• [Activity] The pictures do not belong in the copy. Restate all of the records word for word.

• [Stored data entries]
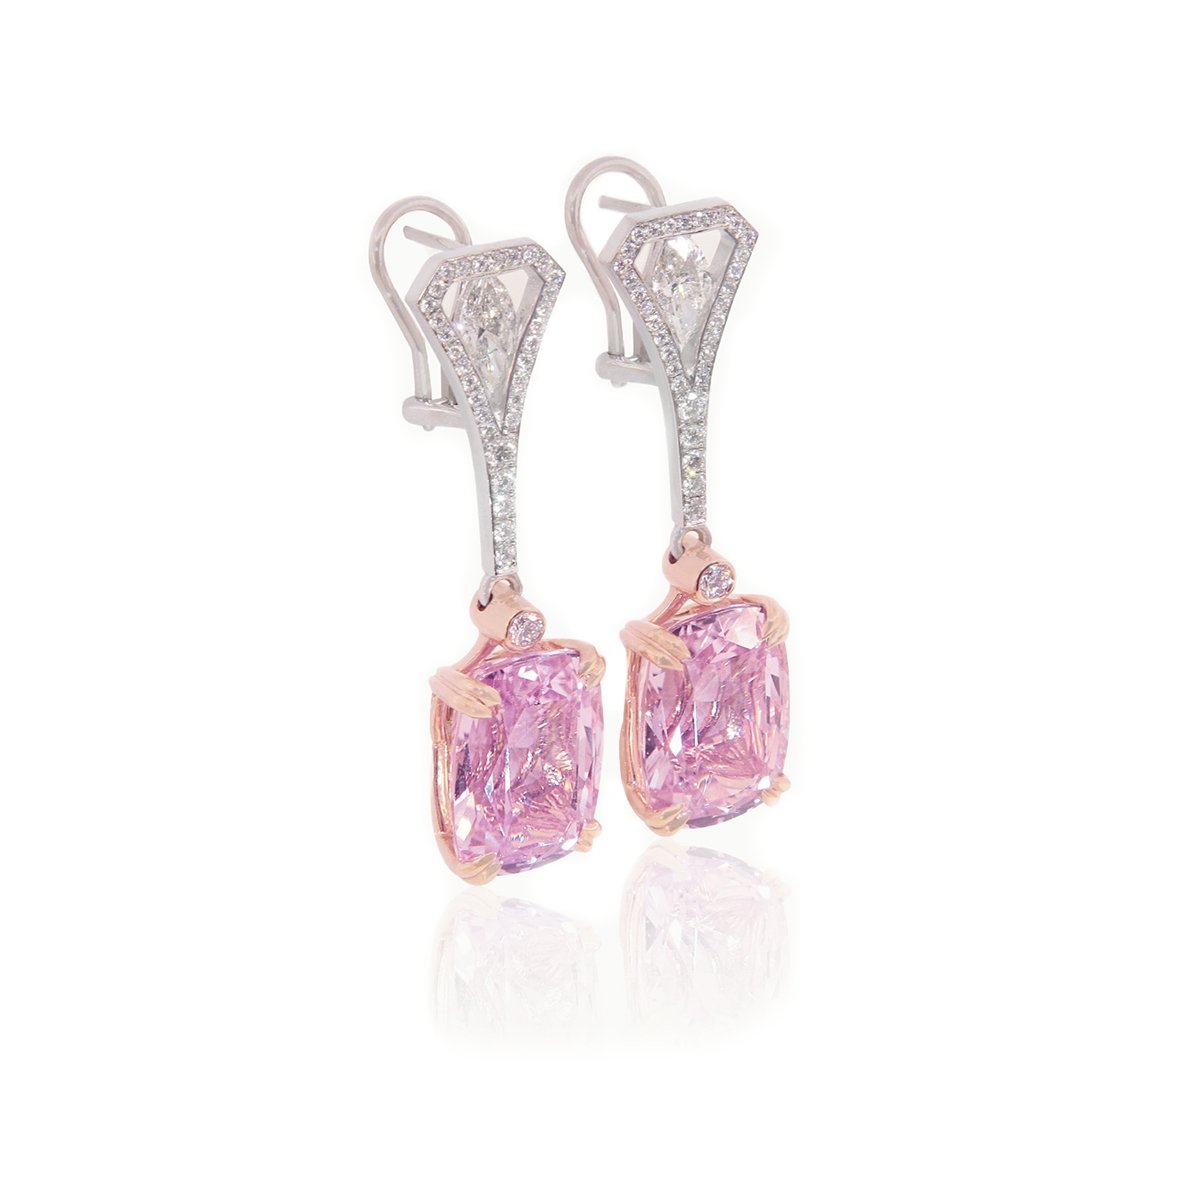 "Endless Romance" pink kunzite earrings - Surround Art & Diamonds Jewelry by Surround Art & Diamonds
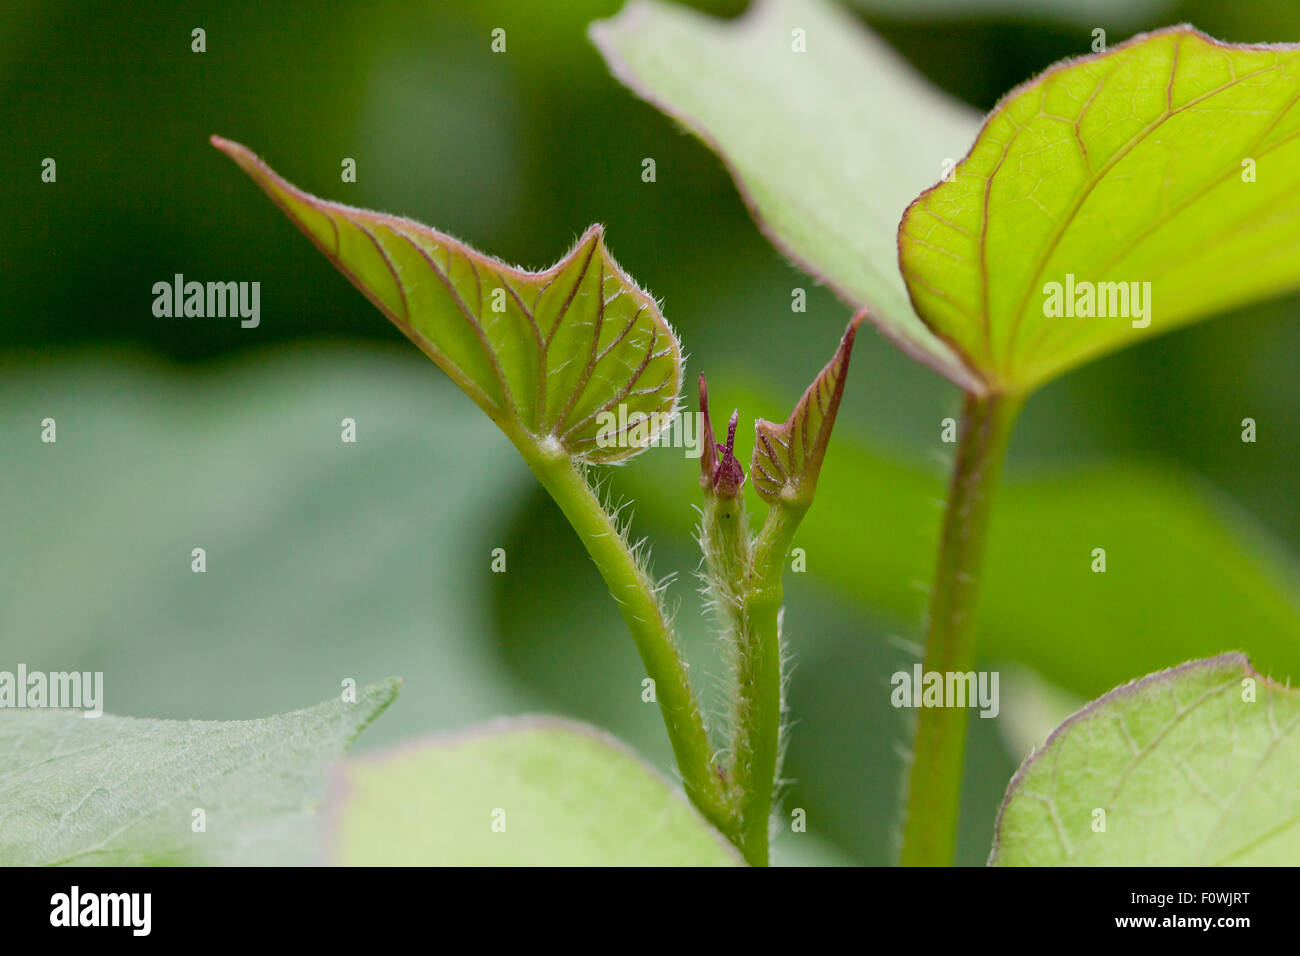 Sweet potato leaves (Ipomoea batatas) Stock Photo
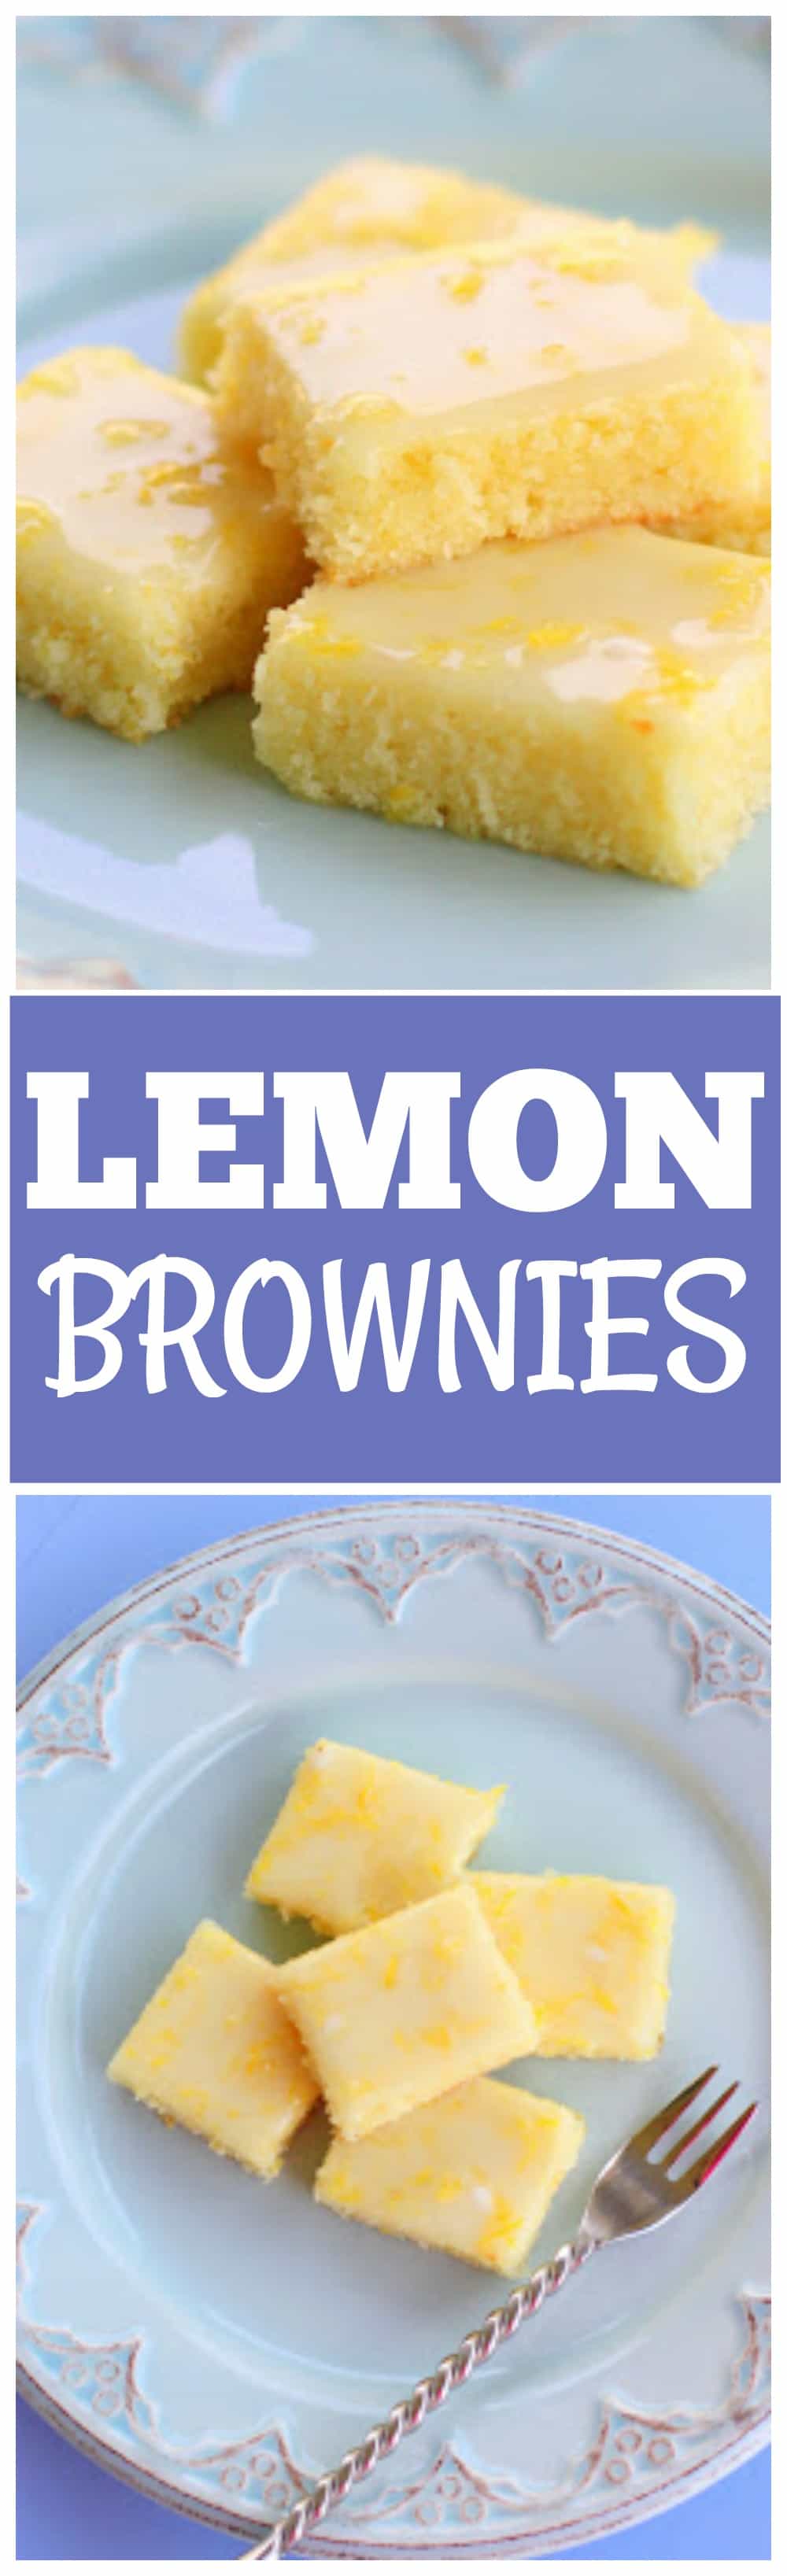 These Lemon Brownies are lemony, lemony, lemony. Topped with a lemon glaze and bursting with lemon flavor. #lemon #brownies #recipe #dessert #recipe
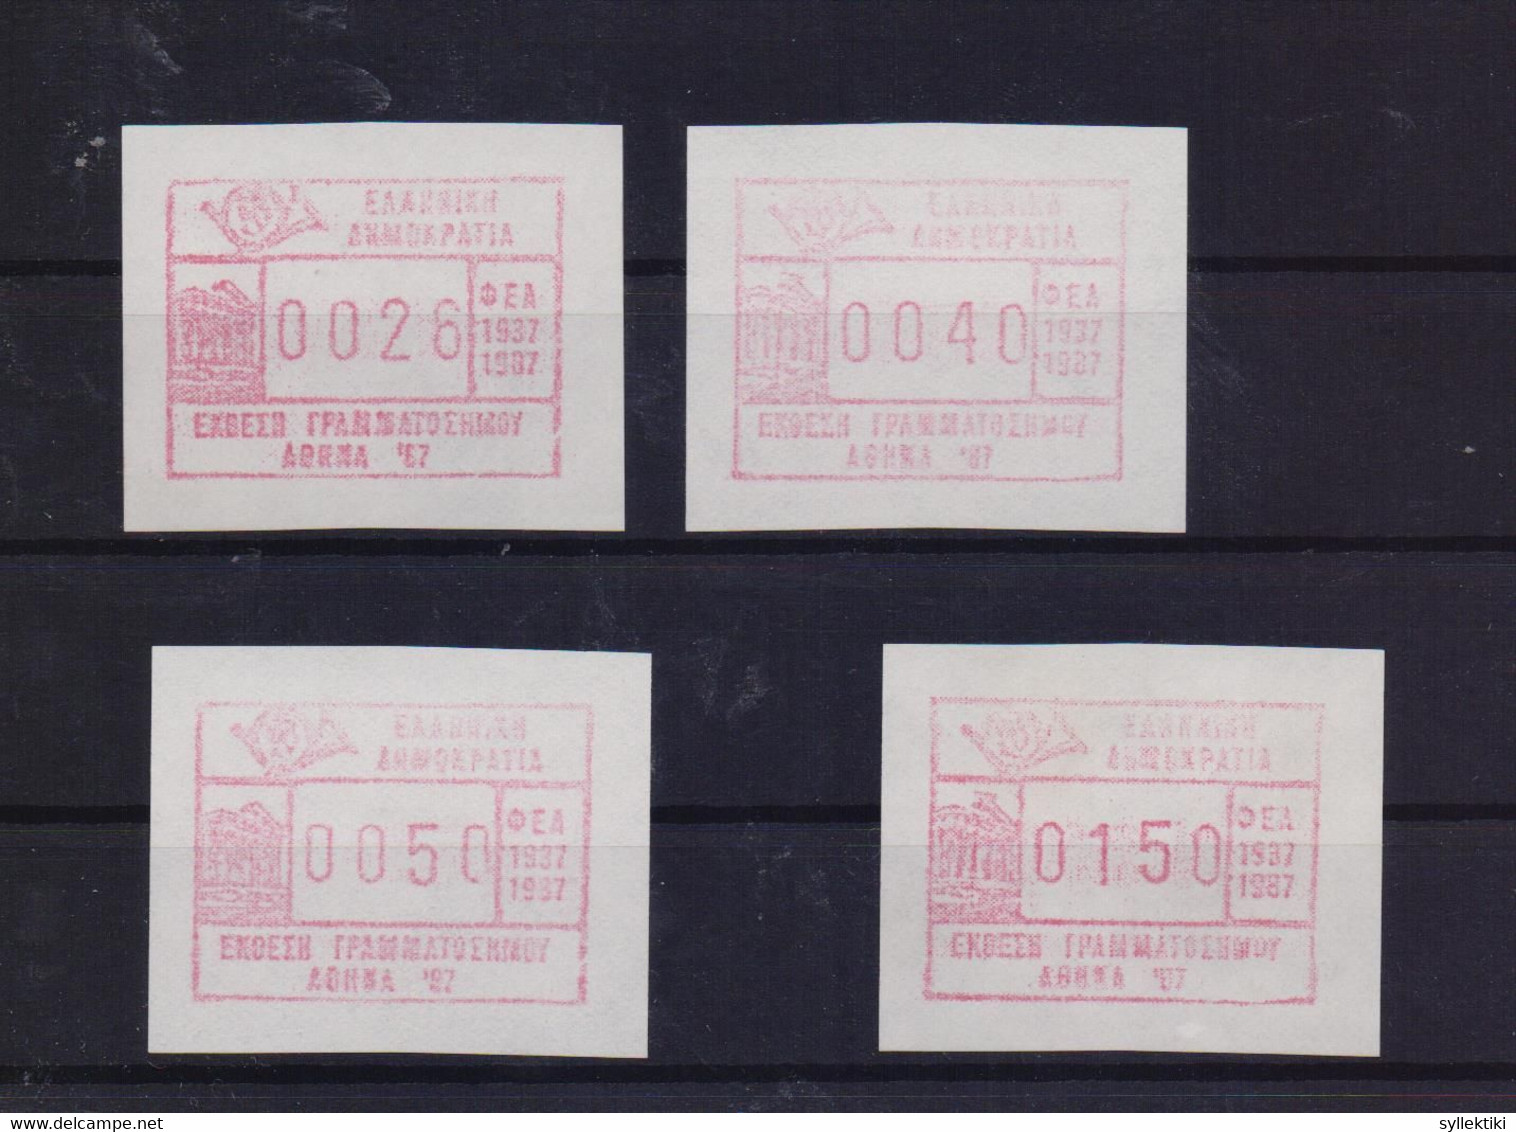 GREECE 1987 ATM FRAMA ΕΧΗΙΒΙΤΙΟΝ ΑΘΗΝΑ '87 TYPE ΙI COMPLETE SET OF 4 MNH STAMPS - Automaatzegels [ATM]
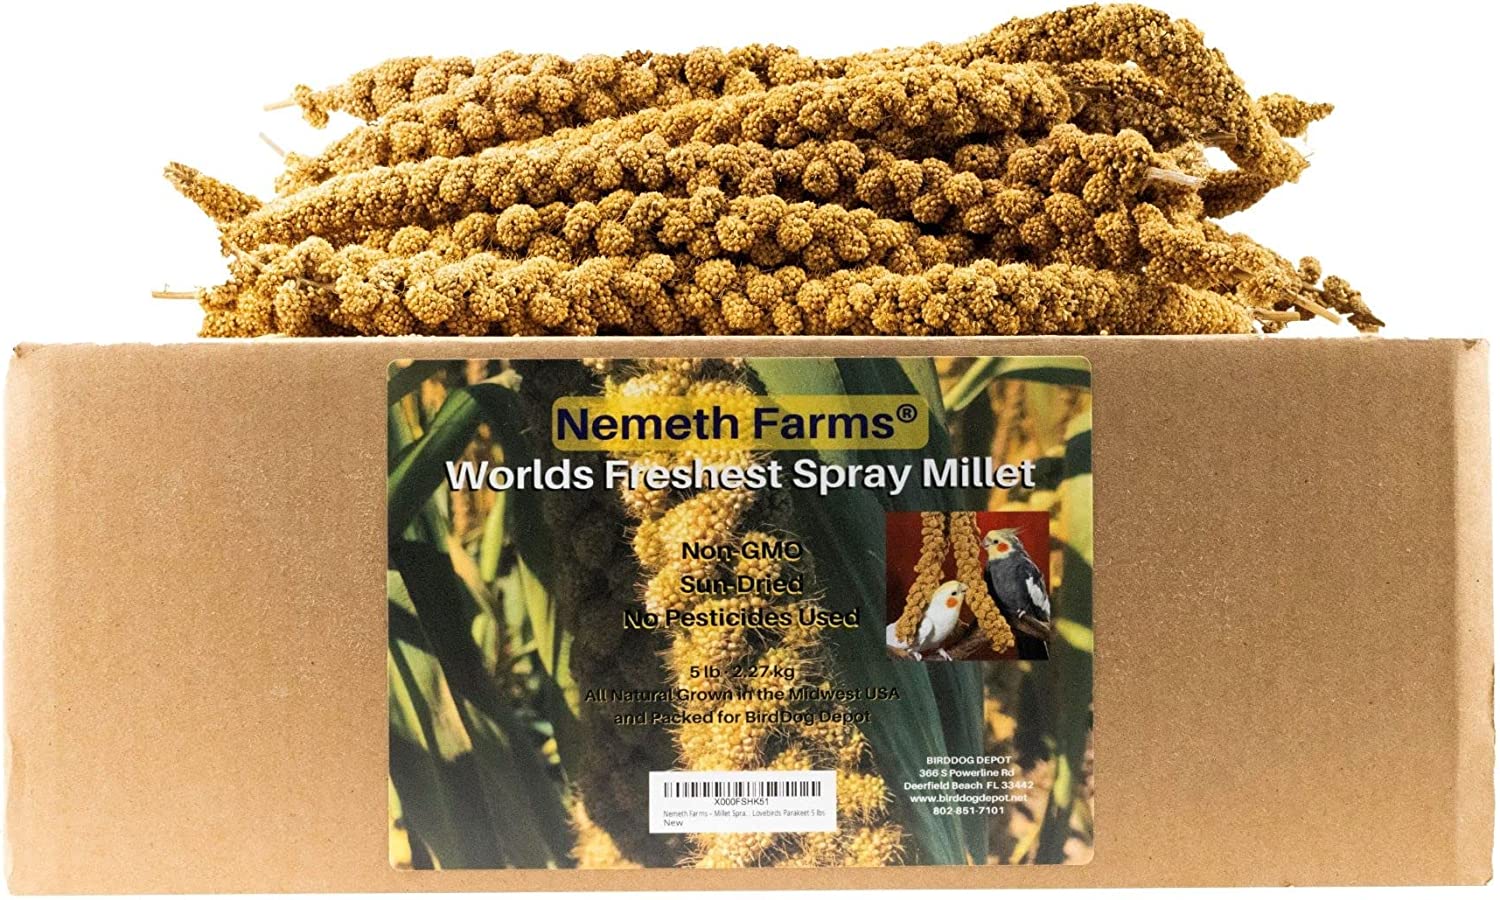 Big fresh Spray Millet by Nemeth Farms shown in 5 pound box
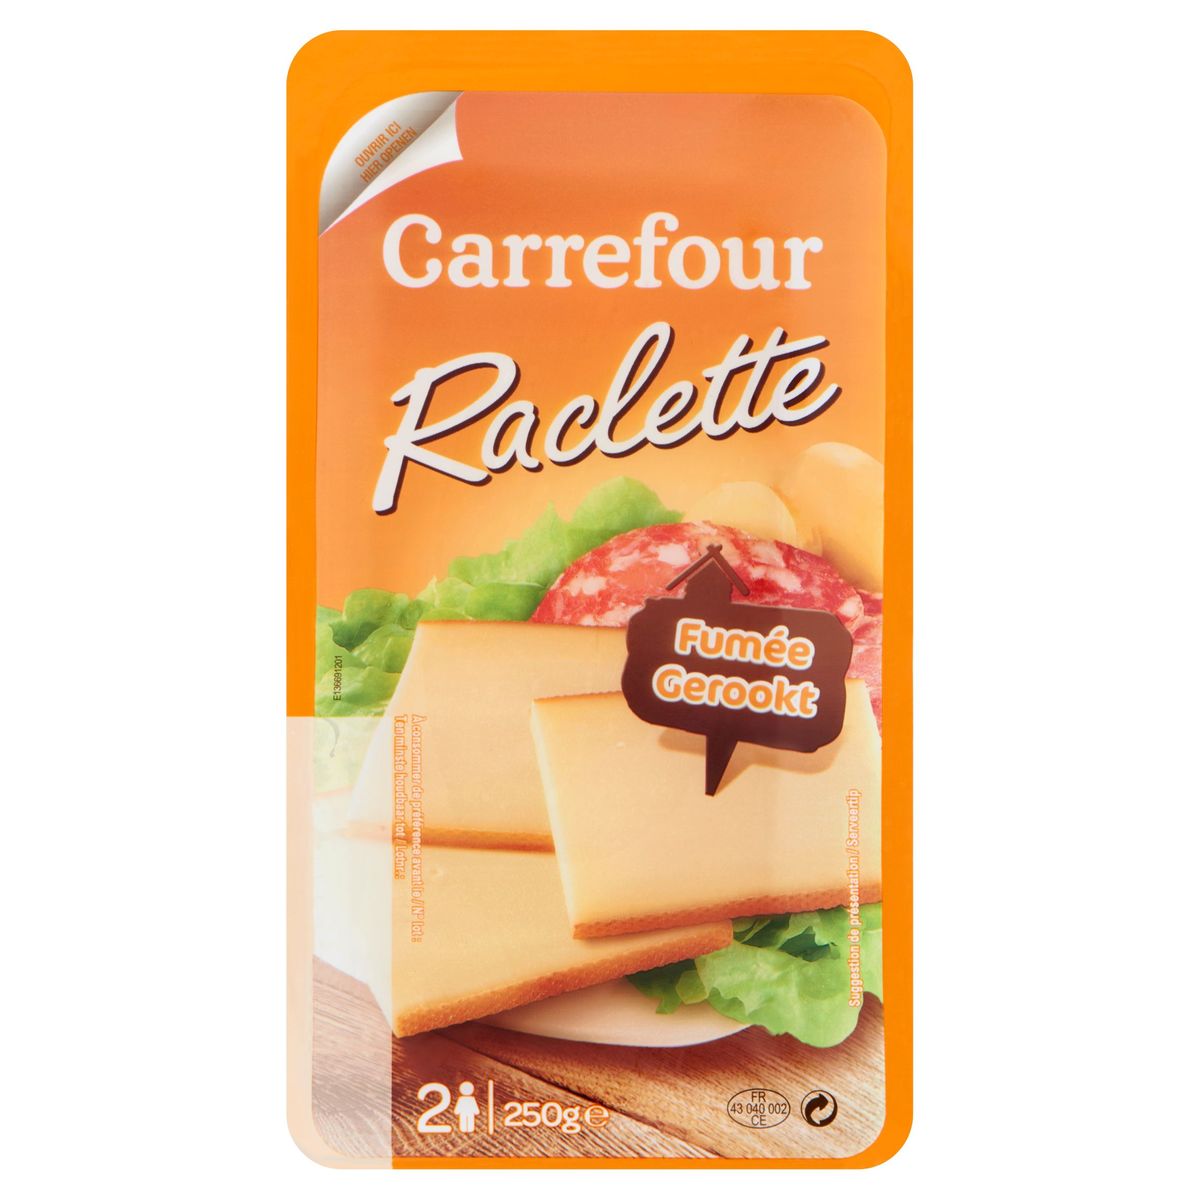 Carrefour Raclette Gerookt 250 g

• [Written solution]
 "Endless Romance" pink kunzite earrings - Surround Art & Diamonds Jewelry by Surround Art & Diamonds
 Sweet potato leaves (Ipomoea batatas) Stock Photo
 These Lemon Brownies are lemony, lemony, lemony. Topped with a lemon glaze and bursting with lemon flavor. #lemon #brownies #recipe #dessert #recipe
 GREECE 1987 ATM FRAMA ΕΧΗΙΒΙΤΙΟΝ ΑΘΗΝΑ '87 TYPE ΙI COMPLETE SET OF 4 MNH STAMPS - Automaatzegels [ATM]
 Big fresh Spray Millet by Nemeth Farms shown in 5 pound box
 Carrefour Raclette Gerookt 250 g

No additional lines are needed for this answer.